The definition of “member of the applicant’s family” in paragraph 2 of the 2003 Regulations is any of the following:

 

(a) the applicant's spouse, father, mother, son, daughter, grandfather, grandmother, grandson, granddaughter, brother, sister, uncle, aunt, nephew, niece or first cousin;

(b) the father, mother, brother or sister of the applicant's spouse;

(c) the spouse of the applicant's son or daughter;

(d) the applicant's stepfather, stepmother, stepson, stepdaughter, stepbrother or stepsister; or

(e) a person with whom the applicant has lived as a member of an unmarried couple for at least two of the three years before the day on which his application for entry clearance was made.
The appellant argued that there was an intention to visit her sister-in-law.
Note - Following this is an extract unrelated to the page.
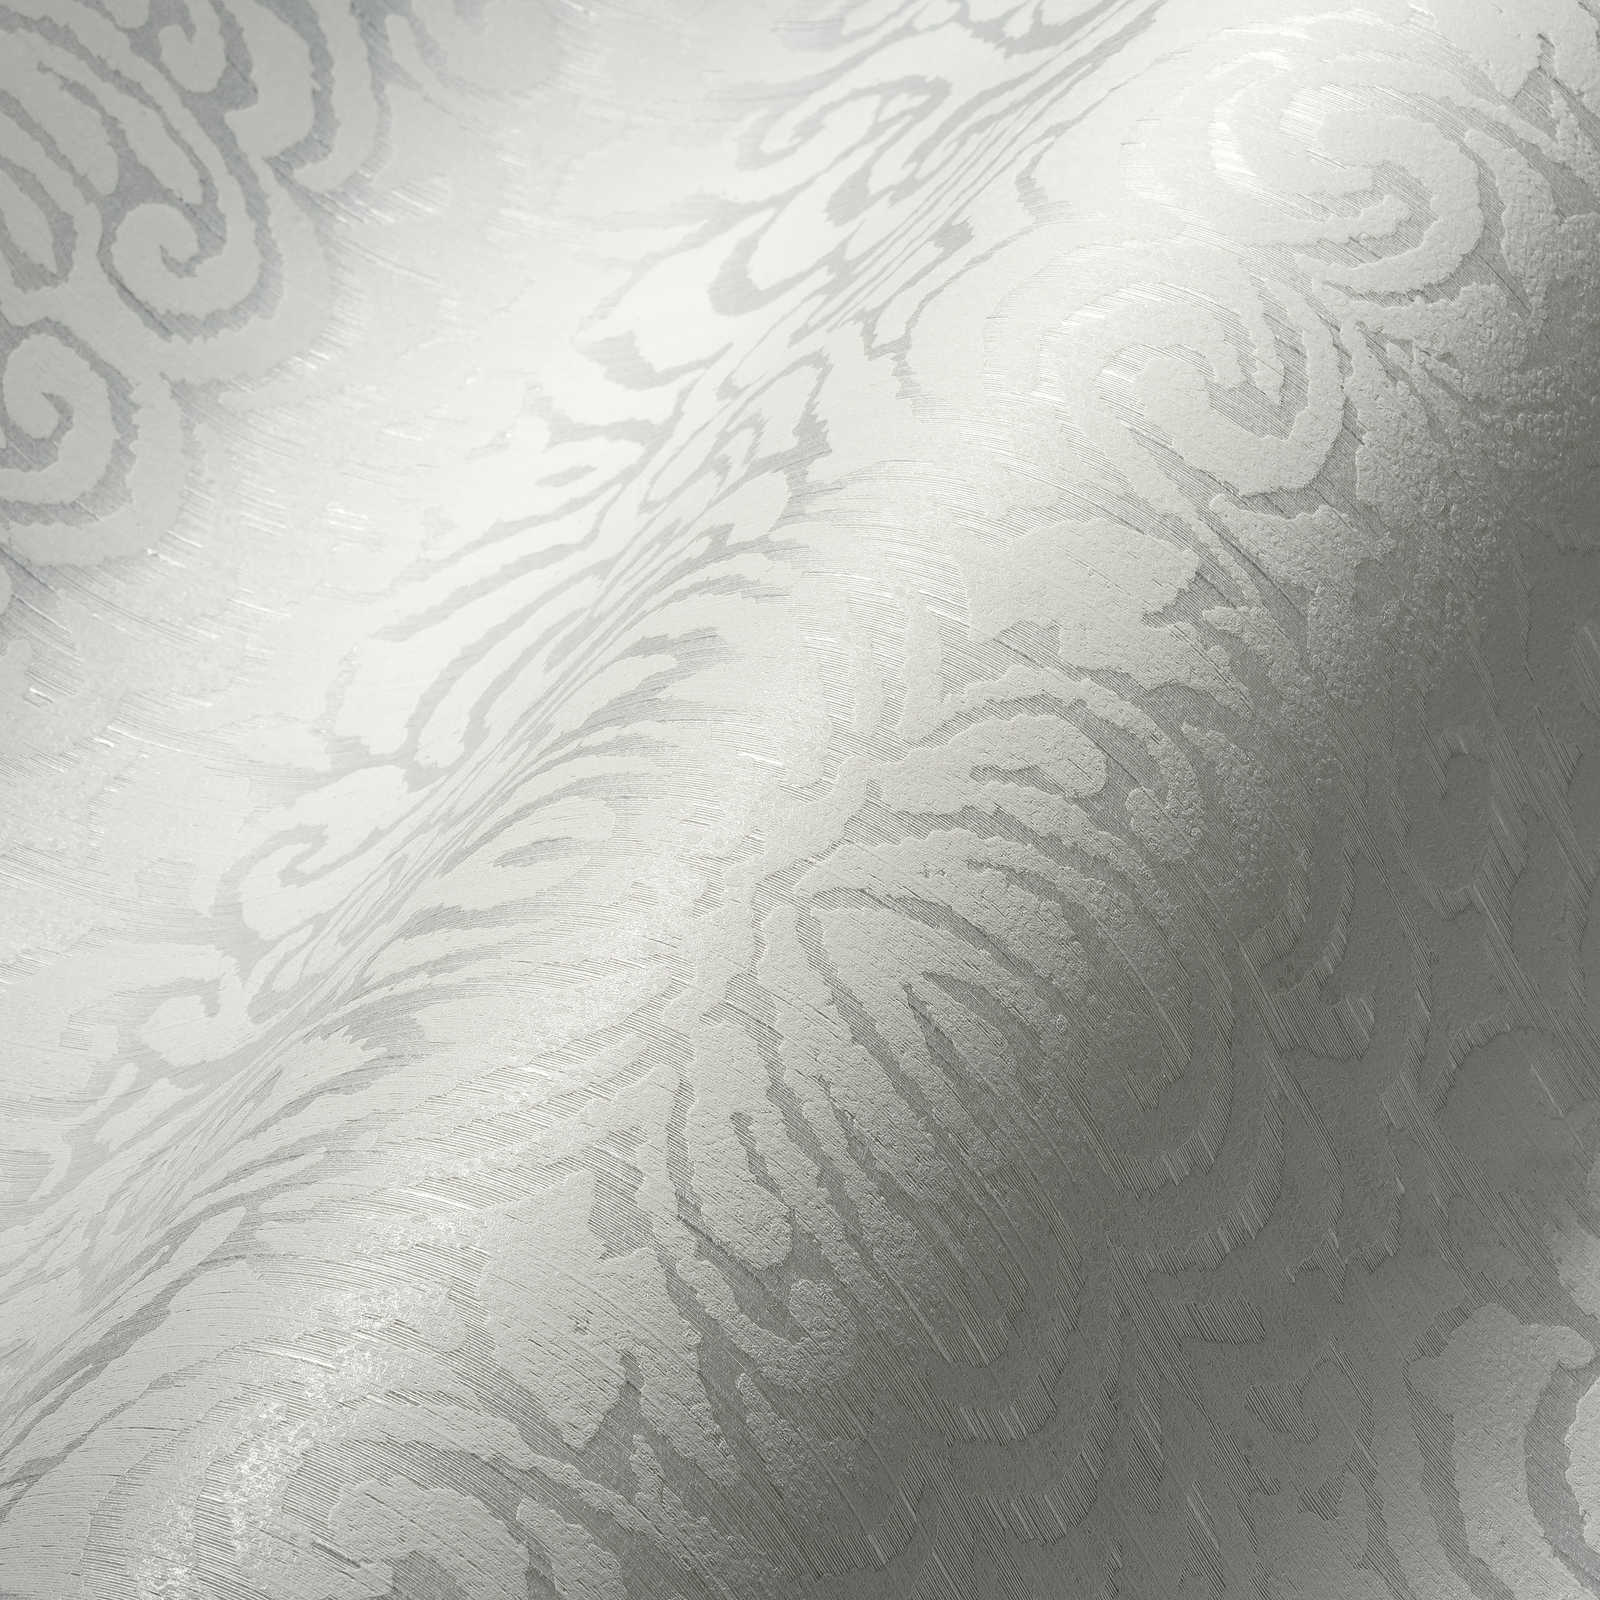             Behang met ornament patroon en structuur effect - wit

There was reference made to the sister-in-law in the grounds for appeal, they were a close family and she lived close to the named sponsors.

The respondent argued that the only reference made to the sister-in-law had been when the appellant was asked if she had close friends or family in the UK. She was not named as a sponsor of the person whom the couple intended to visit. The clear intention in the declarations was to visit the nephew.

 

The Senior Immigration Judge determined that there had been a material error in law by the Immigration Judge in allowing the appeal of the appellant. She did not have the jurisdiction to consider the appeal as the appellant did not come within the family visit regulations. The child which the appellant declared she intended to visit was the son of her husband’s sister’s daughter and clearly therefore did not fall within the categories of family members listed in the 2003 Regulations. The grant of appeal was therefore overturned by the Tribunal.